Predicting future Close prices from 2023-01-18 00:00:00 to 2023-01-22 00:00:00
 40%|██████████████████████████████████                                                   | 2/5 [00:03<00:05,  1.97s/it]

seems that total_data contains NaN values and the score method don't like it. Any idea on how to fix this?

I have switched to downloading the data using yfinance, all the columns have no NaNs so it's not the root of the issue. Is there something I am missing that may cause the ValueError?

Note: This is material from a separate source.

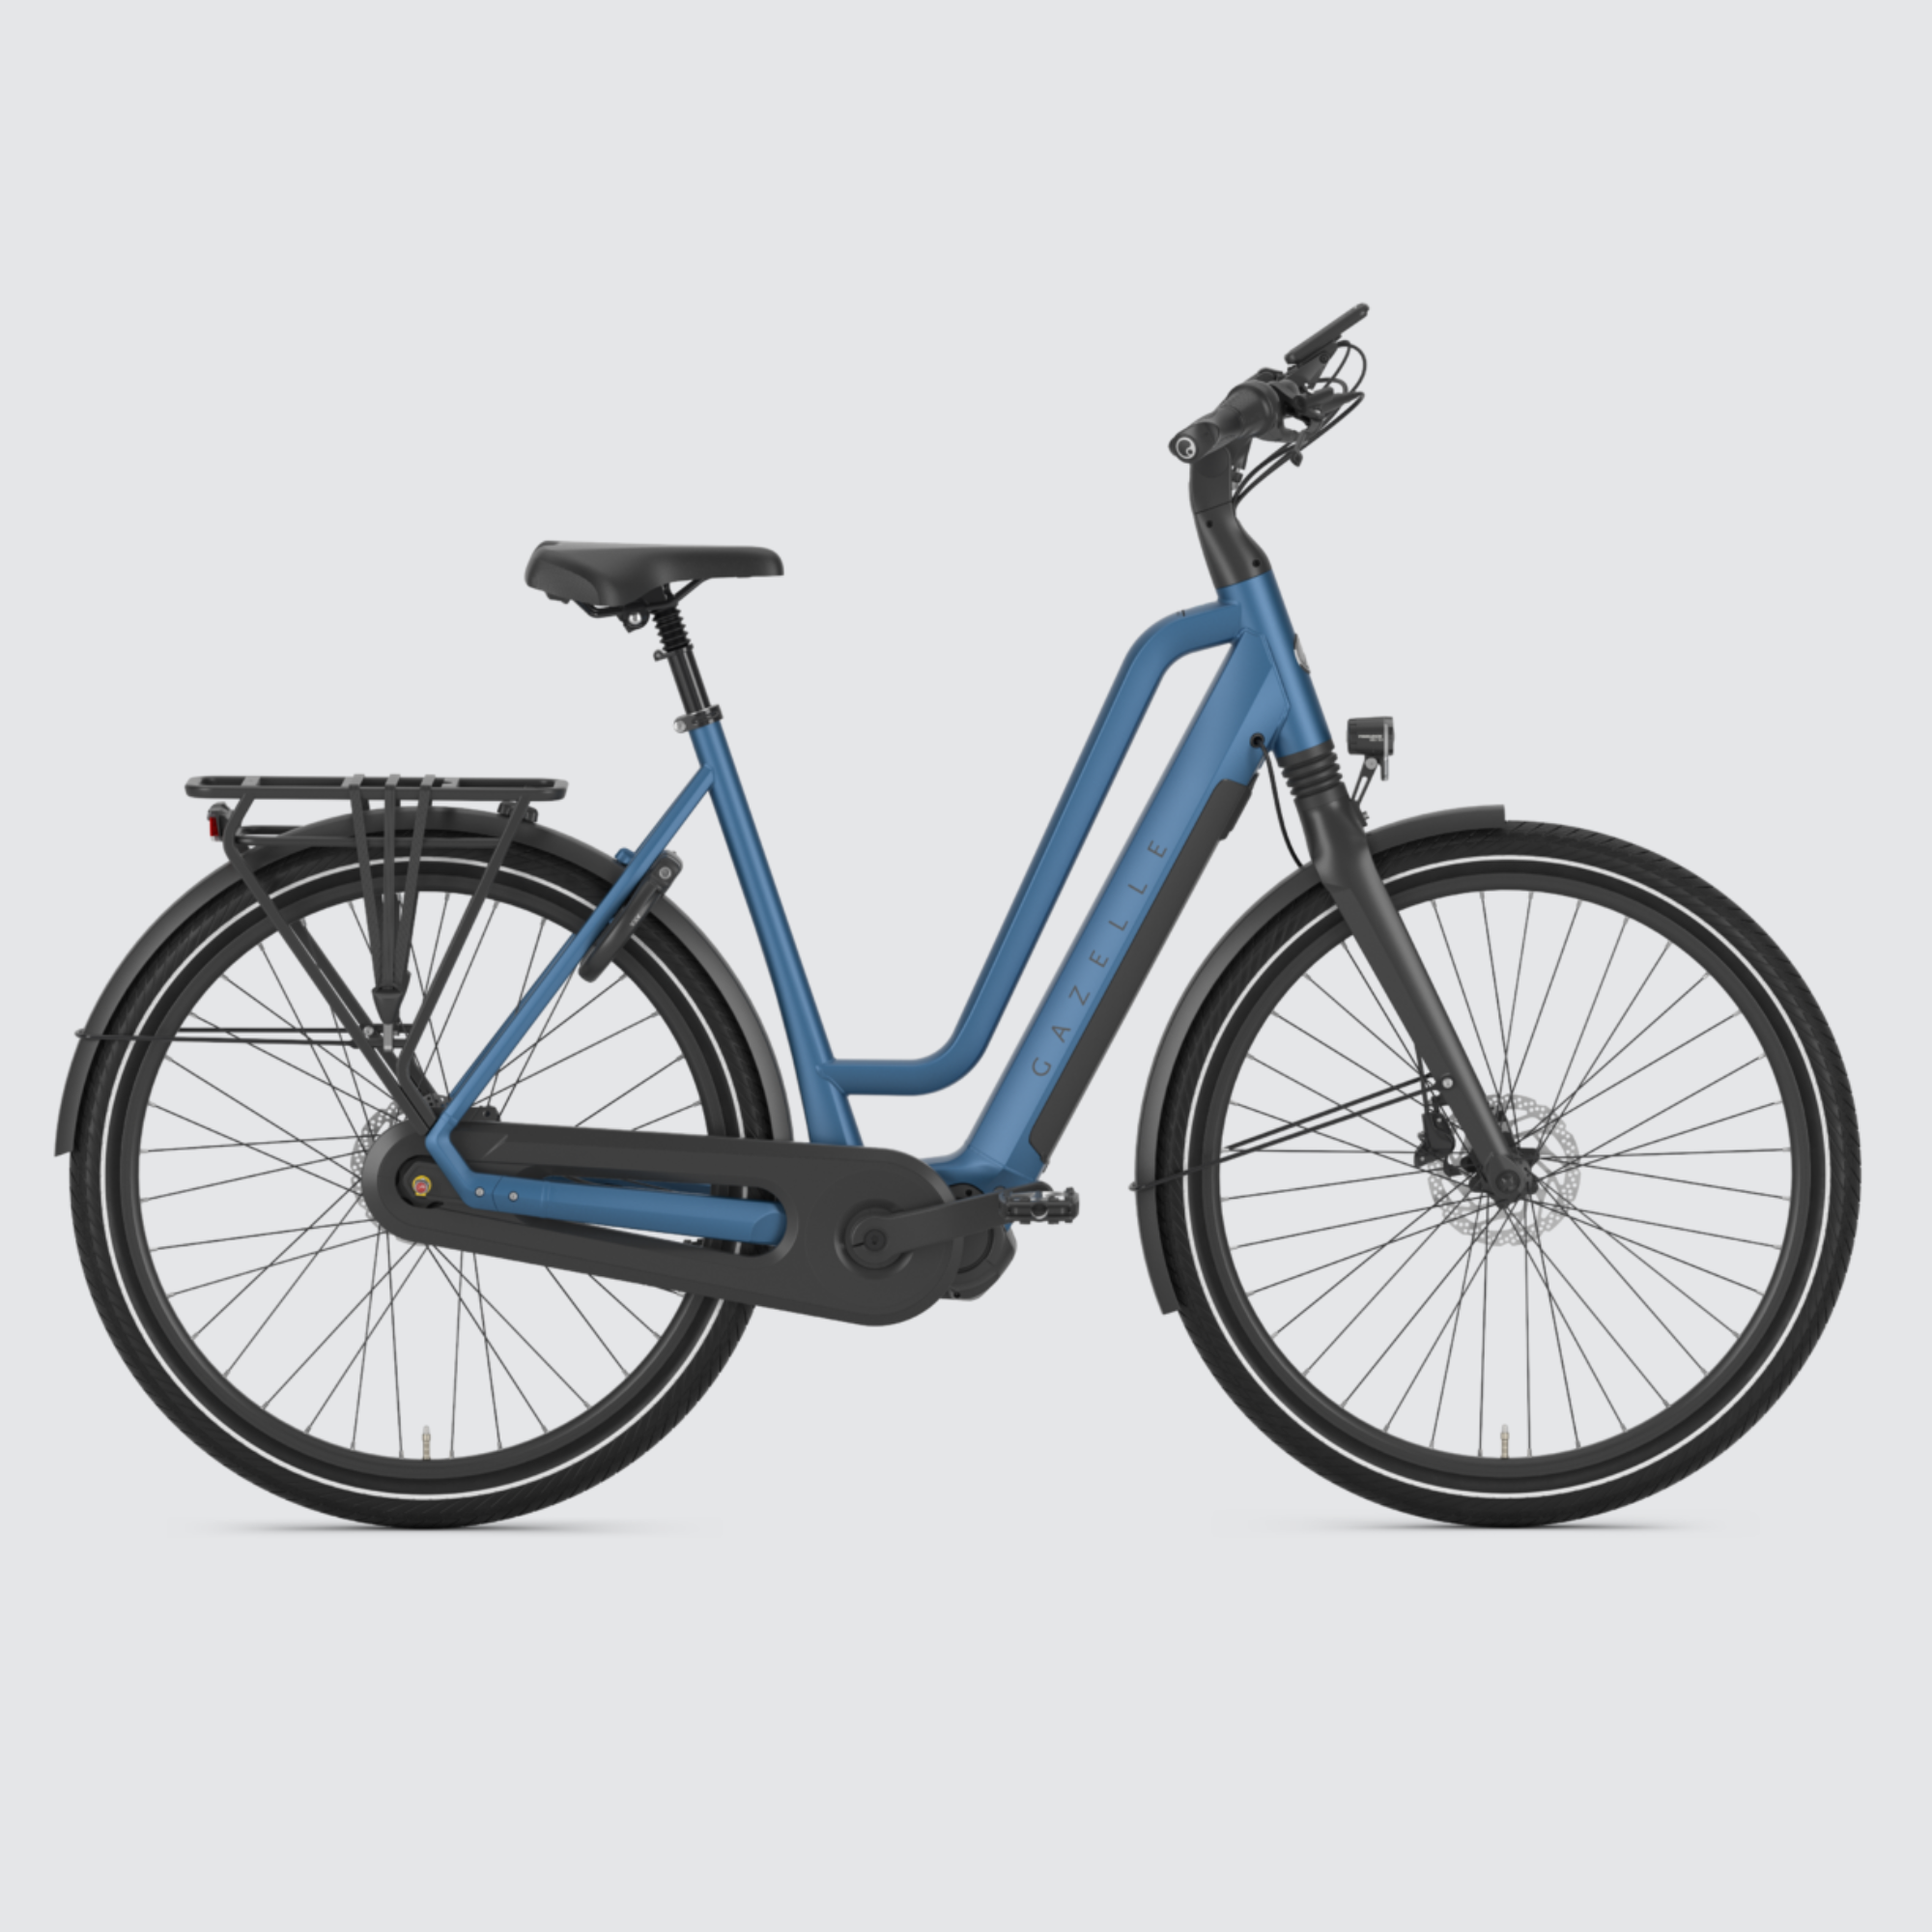 Gazelle Chamonix C7 HMS Electric Bike with low-step frame in spark blue- The perfect blend of power and versatility for your cycling adventures.
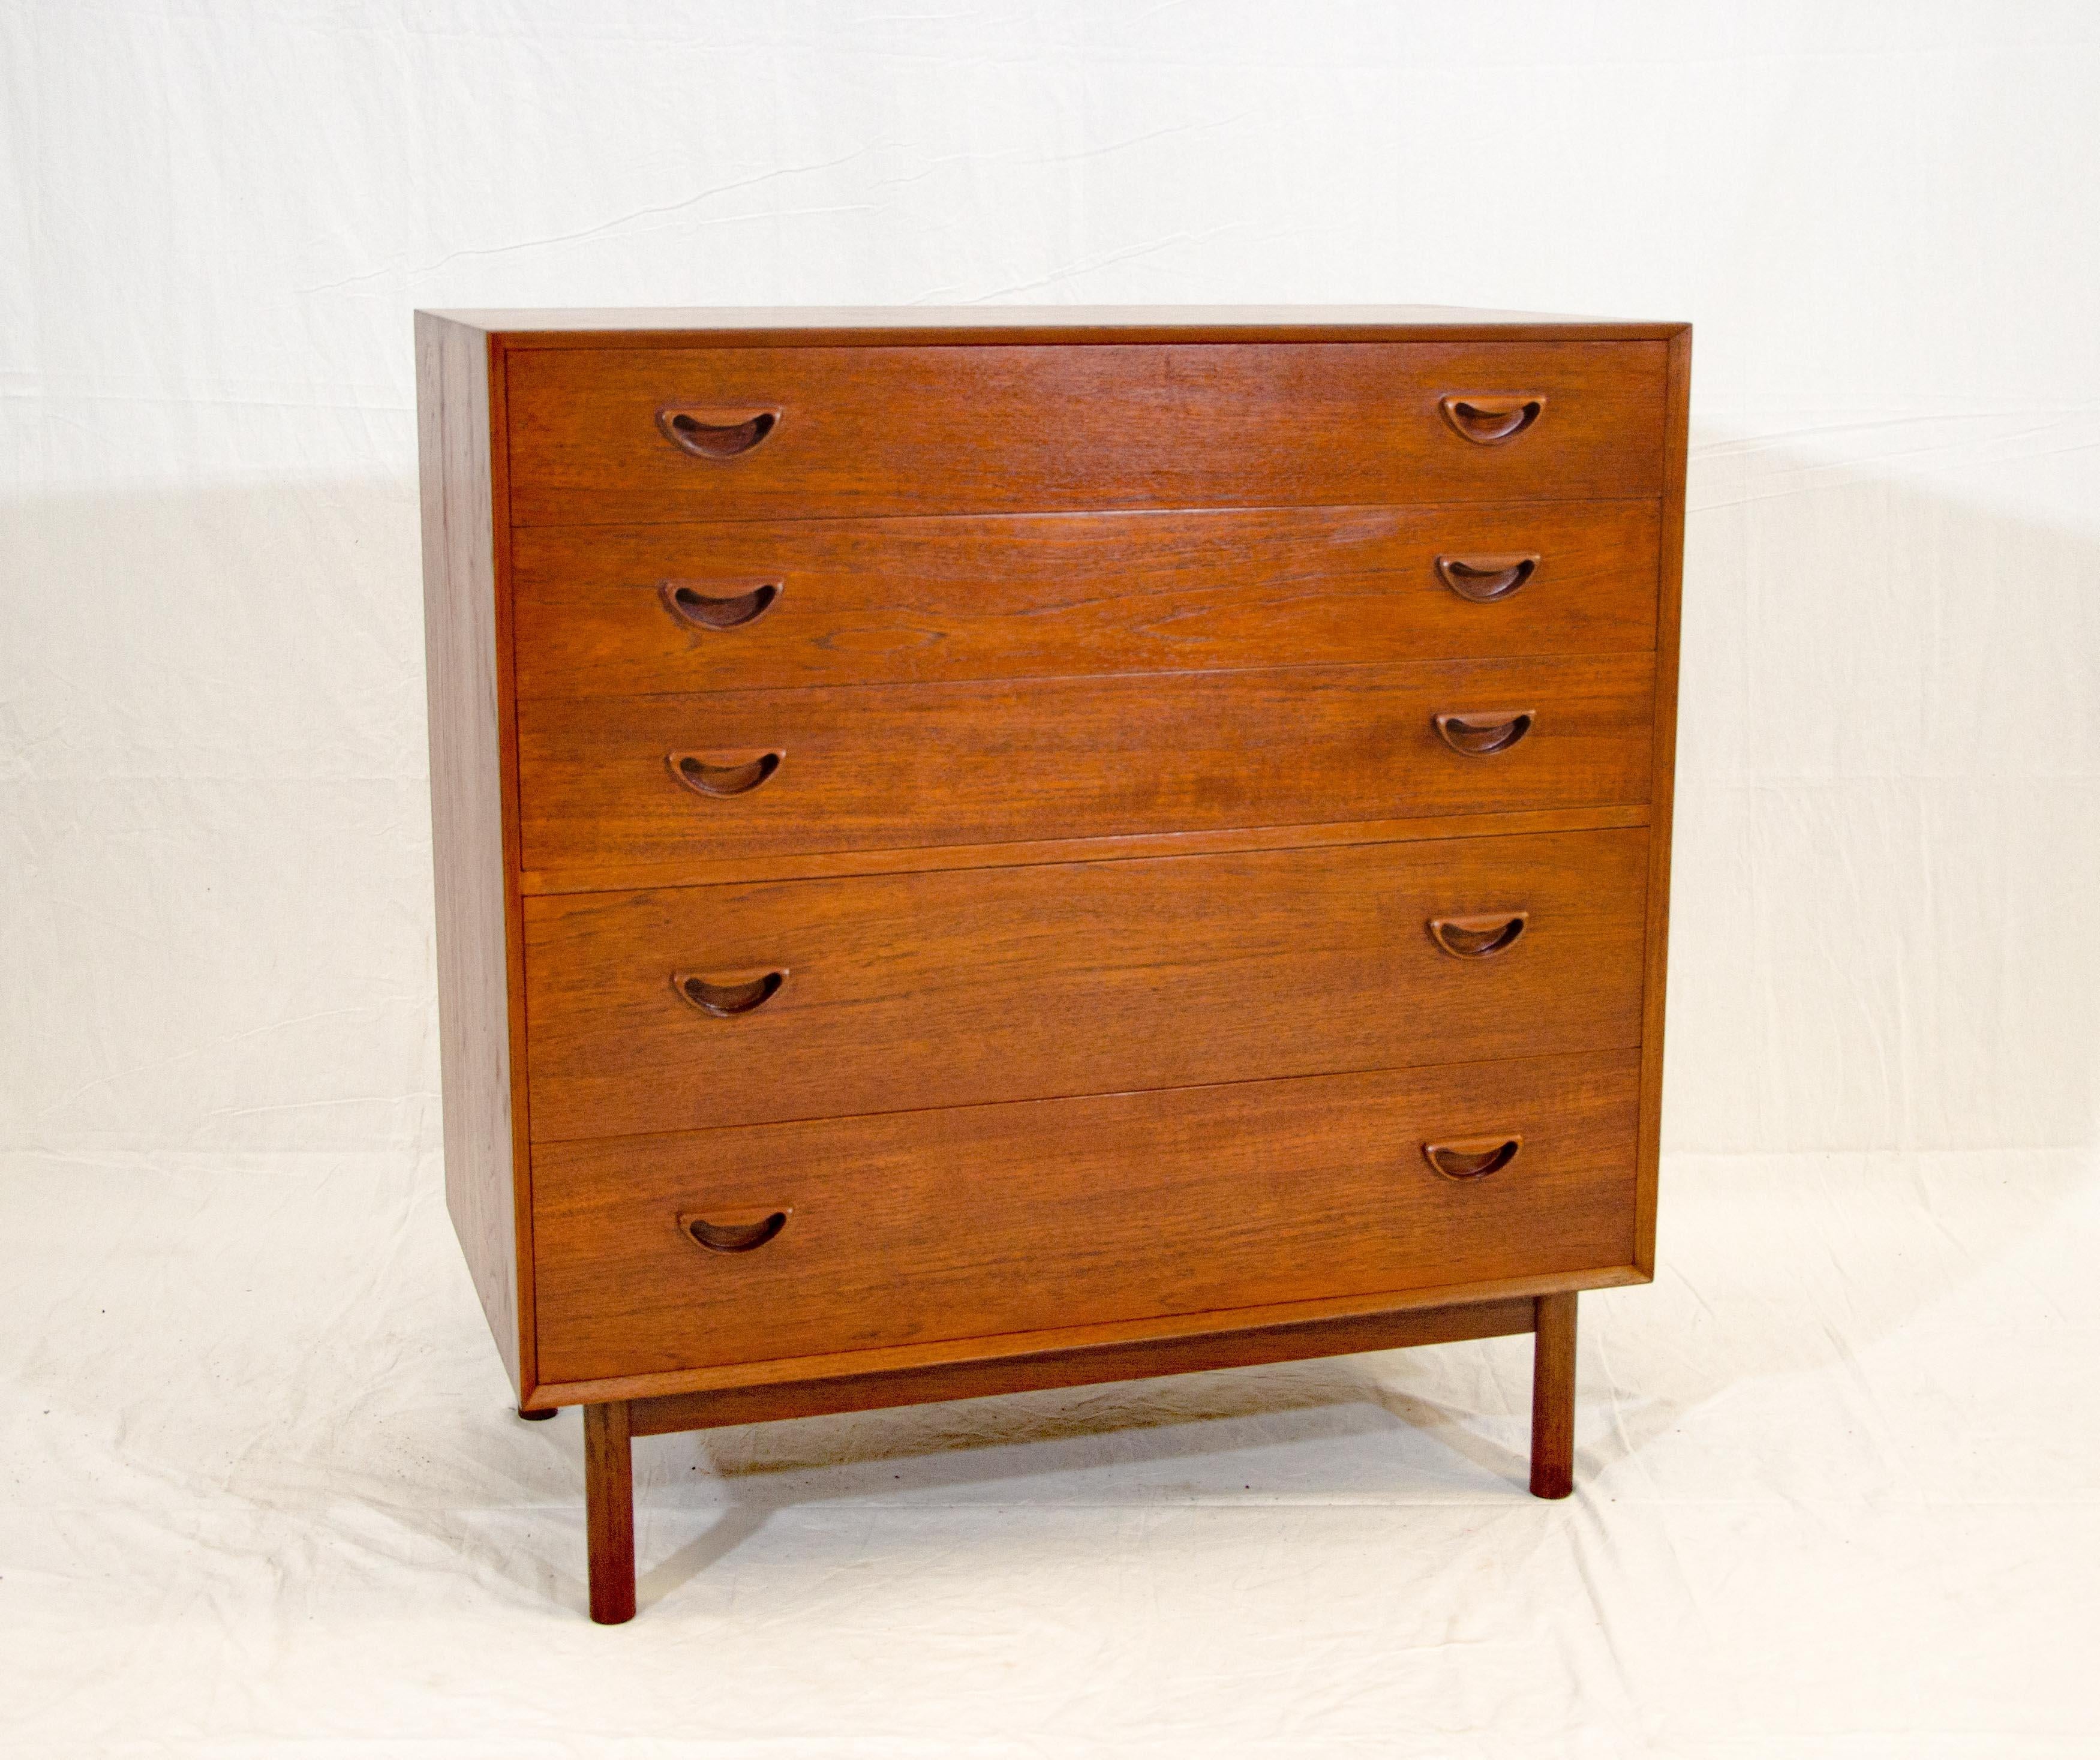 Iconic Danish solid teak chest of drawers with box joinery. Designed by Peter Hvidt & Olga Mølgaard-Nielsen for John Stuart. The top three drawers have an interior depth of 4

Training data period is from 2018-01-02 00:00:00 to 2021-05-18 00:00:00
2023-01-18 10:04:46,223 __main__     INFO     >>> Extracting Features
2023-01-18 10:04:46,223 __main__     INFO     Features extraction Completed <<<
Predicting Close prices from 2021-05-19 00:00:00 to 2023-01-17 00:00:00
100%|█████████████████████████████████████████████████████████████████████████████████| 419/419 [09:17<00:00,  1.33s/it]
All predictions saved. The Mean Squared Error for the 419 days considered is: 6.657134688795405
Predicting future Close prices from 2023-01-18 00:00:00 to 2023-01-22 00:00:00
 40%|██████████████████████████████████                                                   | 2/5 [00:03<00:05,  1.97s/it]
Traceback (most recent call last):
  File "/home/originn/HMMs_Stock_Market/src/stock_analysis.py", line 470, in <module>
    main()
  File "/home/originn/HMMs_Stock_Market/src/stock_analysis.py", line 465, in main
    use_stock_predictor(company_name, start, end, future, metrics, plot, out_dir)
  File "/home/originn/HMMs_Stock_Market/src/stock_analysis.py", line 354, in use_stock_predictor
    future_pred_close = stock_predictor.predict_close_prices_for_future()
  File "/home/originn/HMMs_Stock_Market/src/stock_analysis.py", line 248, in predict_close_prices_for_future
    predicted_close_prices.append(self.predict_close_price_fut_days(day_index))
  File "/home/originn/HMMs_Stock_Market/src/stock_analysis.py", line 223, in predict_close_price_fut_days
    ) = self._get_most_probable_outcome(day_index)
  File "/home/originn/HMMs_Stock_Market/src/stock_analysis.py", line 149, in _get_most_probable_outcome
    outcome_score.append(self.hmm.score(total_data))
  File "/home/originn/HMMs_Stock_Market/venv/lib/python3.10/site-packages/hmmlearn/base.py", line 259, in score
    return self._score(X, lengths, compute_posteriors=False)[0]
  File "/home/originn/HMMs_Stock_Market/venv/lib/python3.10/site-packages/hmmlearn/base.py", line 272, in _score
    X = check_array(X)
  File "/home/originn/HMMs_Stock_Market/venv/lib/python3.10/site-packages/sklearn/utils/validation.py", line 919, in check_array
    _assert_all_finite(
  File "/home/originn/HMMs_Stock_Market/venv/lib/python3.10/site-packages/sklearn/utils/validation.py", line 161, in _assert_all_finite
    raise ValueError(msg_err)
ValueError: Input contains NaN.

Shouldn't in def predict_close_price_fut_days(self, day_index) the self.days be incemented?

I have the same issue as you and fixed it. Change the code from the line 194 to 196 as follows:

second_df = pd.DataFrame(index=future_dates, columns=["Open", "High", "Low", "Close"])

The wrong order make iloc could not local the right cell to replace the opening price for the first day in the future.